In very general terms, it is really simple; banks that can’t make money in this money aren’t going to make their balance sheet capacity available to others. Since the system is incestuous in this crucial respect, it becomes merely self-reinforcing.

Contraction here means non-linear contraction, though quite a few firms have shrunk on an absolute basis, too. In other words, the rate of growth matters the most in testing the difference between eurodollars abundantly available on a global basis, or eurodollars increasingly tight and at odds with economic growth.

QE has been entirely absent in this regime, apart from a few temporary outliers. As I wrote in December 2015 in claiming why this “tightness” will continue:

QE was supposed to create a recovery and thus great profit opportunity, but the absence of QE leaves banks to only leave, meaning no profit and thus truly no recovery.

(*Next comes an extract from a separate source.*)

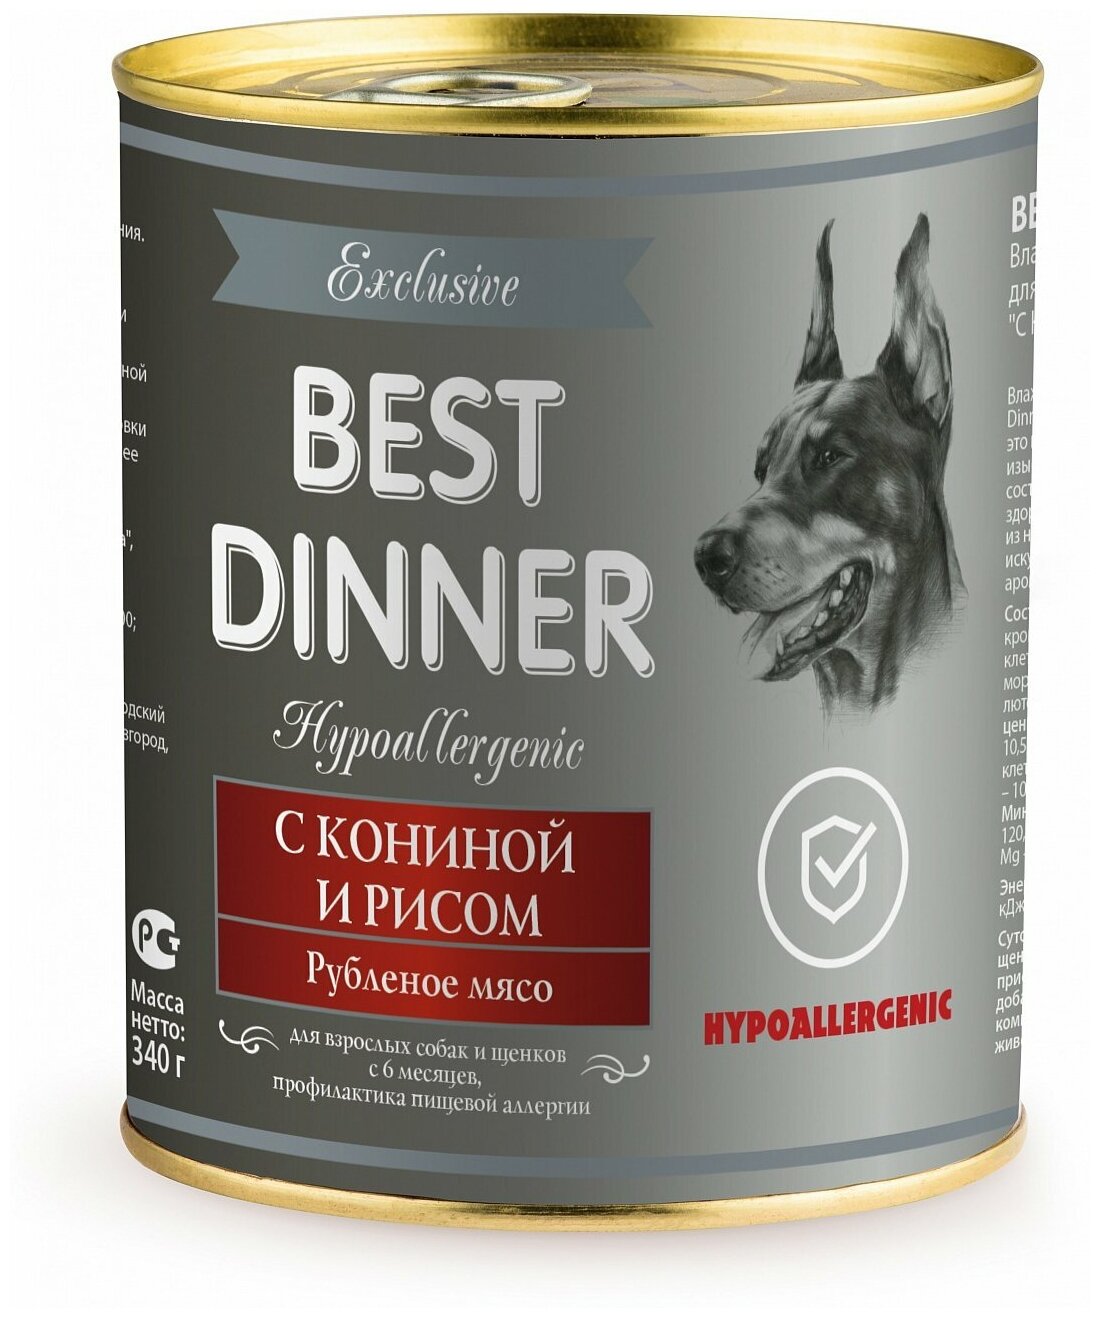 Влажный корм для собак Best Dinner Exclusive Hypoallergenic, гипоаллергенный, конина, с рисом 340 г

This financialism becomes the economic misimpression that “unexpectedly” showed up this year to spoil the self-congratulatory party as the FOMC tries over and over for a lift off.

As this point is pressed home over and over, as each bank cuts back and restructures against FICC, the “dollar” only cuts deeper and deeper into the financialized global economy and makes it only less opportune for what balance sheet resources remain; and round and round we go.

Almost two years later, the banks in their Q3 2017 earnings report still can’t make money in this money. They have shifted conveniently in their excuses, this time talking about the lack of volatility depressing FICC, or the colloquial “bond trading.” They can’t make money when volatility is high, and they can’t make it when volatility is low, suggesting (again) volatility in the conventional sense isn’t really the problem.